Lorna Okay. That brings me nicely into the next question. So we know that non-clinical staff play a role in asset and inventory management too. So who else outside the clinical team was involved in the project scoping, solution design, and testing efforts? And what has their feedback been since the new tools were put into place?

Sarah So key stakeholders, we work with clinical engineering an awful lot. We’ve recently, within the last six months, done an implementation, an integration with E-Quip, which is the database for our clinical engineering use. So when they commission a piece of medical equipment, they can automatically print a barcode label from their record because it’s integrated with Tagnos. We also work with IT closely because they’re the ones that connect the data and the power to our infrastructure. But when it comes to the privately funded investment buildings, we’ve currently got two on our site at the moment. You’ve got to work with those key stakeholders because you’ve got to raise purchase orders about their tech specs - connecting data and power to the readers. So again, just working with key stakeholders, IT, clinical engineering. The next phase we want to do is work with waste management and put an RFID reader and technically have an “off” bin sort of. So when an asset goes to waste compound, we know that it’s not going to be recommissioned or reused. And it’s either being for scrapping or it’s being donated to another hospital. So we know that when that piece of equipment reaches waste compounds, we know that then that kills the life of the RFID tag so that they so that the off switch. So that piece of kit’s life comes to an end. This project is forever growing because more and more departments are coming on board with it to see the benefits of it. and it’s just really, really good, Lorna.

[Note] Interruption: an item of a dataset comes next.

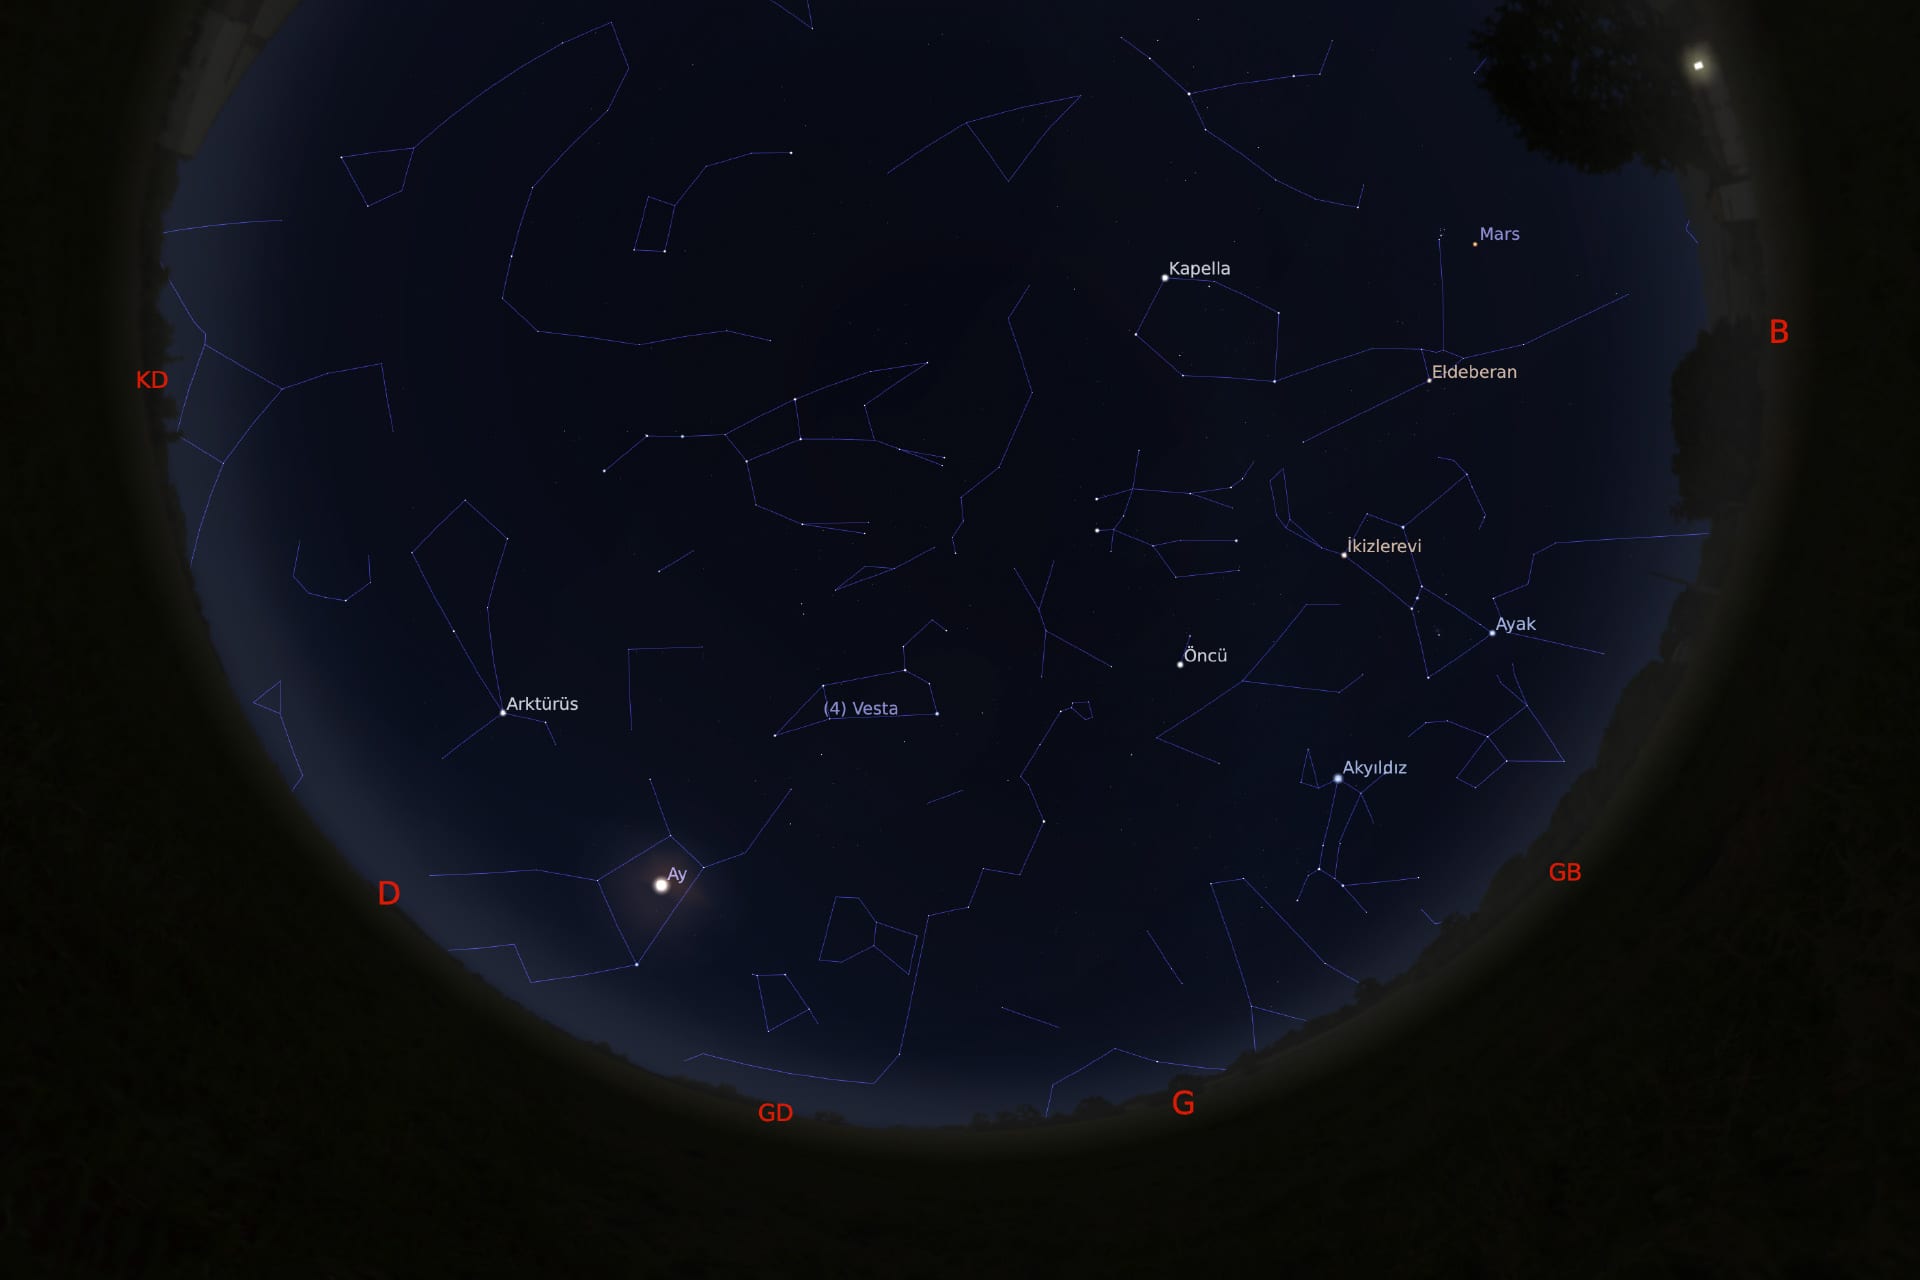 1 Mart 2021 - saat 23:30'daki gökyüzü görüntüsü

Lorna It’s great to hear that.

Sarah Yeah, yeah, we’re getting positive feedback from end users as well of the system.

Lorna Just a huge collaboration. So, you know, something else that came out of this study is that most clinicians don’t have a good way to report problems relating to out of stock, low stock or lost inventory, equipment or supplies. When patient safety is compromised because of inventory or equipment issues, they can’t easily report that or hospital leaders can’t easily track it at least. Is that something that was fixed with your Scan4Safety and RFID tracking system? If something goes missing, there’s a recall, someone’s forgot to restock certain supplies, there’s a shortage in a supply chain, and therefore load shelf stock cannot be reported easily and, just as importantly, cannot be addressed immediately. Does the info get routed to someone who can take action on it?

Sarah Absolutely. Yes it does, Lorna, for this government safety platform. like I said earlier, we work with suppliers, we work with stock controllers, with everything being digitized from the point of care, whether it be anesthetics and theatre, all of those pumps. Everything we ever report, we pull a report for everything, Lorna. For expired stock, stock coming out of date. just teaching people about stock rotation if they don’t already know. It really has changed the way that we work at Hull regarding ordering stock, stock receipting, ensuring the maximum/minimum levels of sets so we’re not over ordering. If a department decides that they want to order more or have more stock on the shelf because of patient use, then it’s something we can do very easily on the system. It’s just up the level working with reps as well, because when we work with consigned stock, if the department wants to up the levels or have to work with reps so the stocks come down to a level at their end as well as ours. So it’s consigned rather than we don’t earn it as a trust. There are lots of benefits. to working with the Scan4Safety platform. We can recall patient information within minutes. You can find a sterile tray in the storeroom because we have a system at 12:00 midnight, a couple of minutes to 12, anything that gets put back in the storeroom that’s still sterile, it’s changed back to sterile. Say staff couldn’t find that tray easily, it’s all there. It’s all really good, Lorna. All very positive.

Lorna It’s brilliant. So for all intents and purposes, the Scan4Safety and RFID-based asset tracking and management systems you put in place at Hull have become the gold standard. We want those people who say they can’t find what they need to follow your lead. So how do you measure success? Do you have tangible KPIs or metrics tied to waste, replenishment, or anything else inventory related? Or was it more about the sentiment among clinical staff and the capacity you had to serve more patients?

Sarah We measure success by reporting and working with key stakeholders. If we can help somebody solve their problem, that is a success to us. It really is. And if somebody comes to us said, they can’t find it…because it’s digital, some people really thrive on change. Some people don’t like change. It’s about the individual staff member helping them make sure they’re comfortable with the system, helping them to find the way so they can use the system easily. And if we can develop somebody’s skills IT-wise, then yeah. So they’ve got the confidence to use the system as well, Lorna. Yeah. That’s how we measure. Yeah. That’s what we mentioned success as well by reports as well and activity at some of the sites for Scan4Safety and RFID as well.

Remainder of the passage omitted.